IL SOGNO DI CARAVAGGIO - di Rossella Montecchi

Creato il 25 marzo 2013 da Ilibri

Titolo: Il sogno di Caravaggio
Autore: Rossella Montecchi
Editore: Giovane Holden
Anno: 2012

Caravaggio gioca il jolly e porta a casa il montepremi: un anno extra di vita per redimersi come uomo e reinventarsi come artista. A condurre il gioco è Rossella Montecchi, laureata in Filologia Romanza e Storia dell'Arte, che dedica al pittore lombardo il proprio romanzo d'esordio. Trattasi di un'inventata ricostruzione storica (con tanto di data ad aprire ogni capitolo): l'autrice immagina che il 18 Luglio 1610, sulla spiaggia del Tombolo della Feniglia, una giovane bella caritatevole (povera e sola al mondo) diciassettenne, Lucia, soccorra il morente Michelangelo Merisi da Caravaggio. Esperta d'erbe e di rimedi naturali, con pazienza e determinazione, la fanciulla strapperà il pittore alla malaria e curerà le sue ferite (scongiurandone, tra l'altro, l'incombente perdita della vista). Ripartirà così, per dodici mesi pressoché esatti, la vita del grande Caravaggio: apprendistato maremmano durante il quale rivoluzionare il proprio stile (e addomesticare il proprio carattere), ritorno a Roma affiancato dall'ormai inseparabile sua salvatrice – e perché non adottarla, assicurarle una dote e proteggerla sempre? –, nuovi facoltosi committenti e nuove, straordinarie opere. Successo e denaro. Il grande artista entra inevitabilmente in contatto con le più grandi personalità del tempo: da papa Paolo V – che capita di trovar nominato Pio V, ma pazienza, no? – al Cardinal Scipione Borghese, dalla famiglia romana dei Colonna a quella genovese degli Spinola. Nel romanzo Caravaggio avrà finanche l'occasione di incontrare Galileo Galilei e di essere ospite del suo protettore, il Granduca Cosimo II de' Medici. Nobiltà e intrighi entrano di gran carriera nelle pagine della Montecchi: furti di quadri, trattative di matrimonio, offese e vendette... ci scappa pure il morto! Ma accanto a questa magna Roma, nel romanzo, trova anche spazio la realtà più dimessa delle botteghe e delle taverne, così come quella più misera delle campagne.

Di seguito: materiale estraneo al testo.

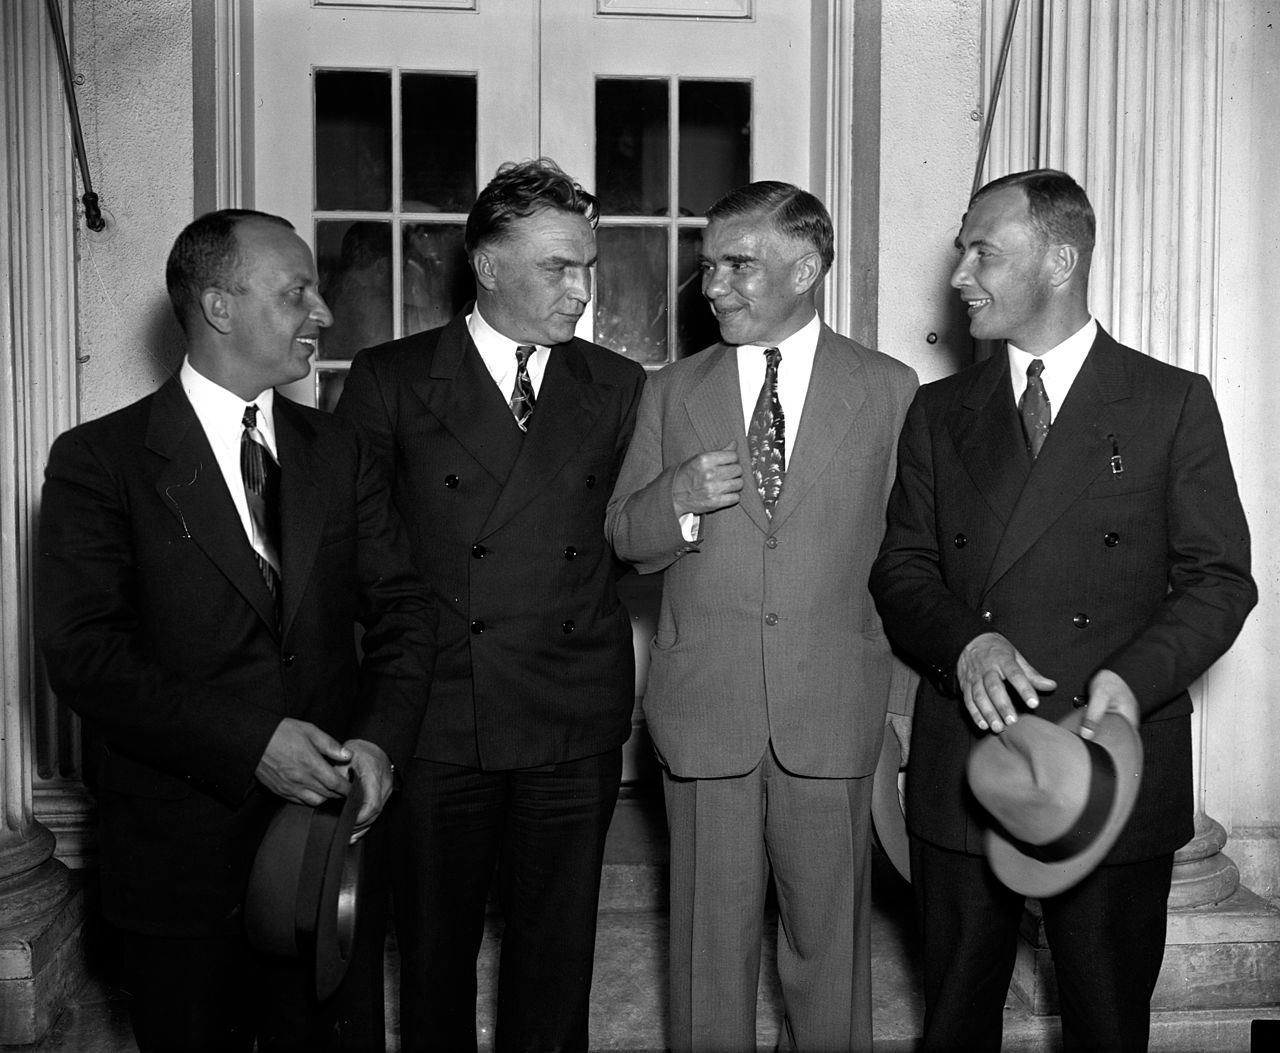 Участники полёта с послом СССР в США Трояновским, 1937 год

Merito dell'autrice è certamente quello di aver saputo ricostruire un'ambientazione credibile – al di là dell'uso talvolta arbitrario (improprio ma consapevole, scrive la Montecchi) di località e distanze –: «i rimedi erboristici e le [...] cure mediche, [...] la descrizione di cibi, fiori, piante e animali hanno riferimenti comprovati [...]. L'abbigliamento, gli arredi, le architetture [...] hanno basi studiatamente possibilistiche» (ci avverte l'autrice, p. 9). Tuttavia, una cornice così ben studiata finisce spesso per appesantire la lettura: il lettore più diligente, patteggiando con la noia, proverà per scrupolo a cercare il nome di qualche erba (pianta o altro) sul vocabolario; quello più smaliziato salterà inevitabilmente righe e righe di descrizione – e non mi sento di fargliene una colpa! –. Altro elemento probabilmente superfluo, una sorta di vezzo della scrittrice, è la chiusa di ciascuno dei primi capitoli (quelli ambientati in Maremma) con una scena bucolica e tanto di animaletto che fa l'occhiolino dalla pagina: personalmente, l'ho trovato persino fastidioso!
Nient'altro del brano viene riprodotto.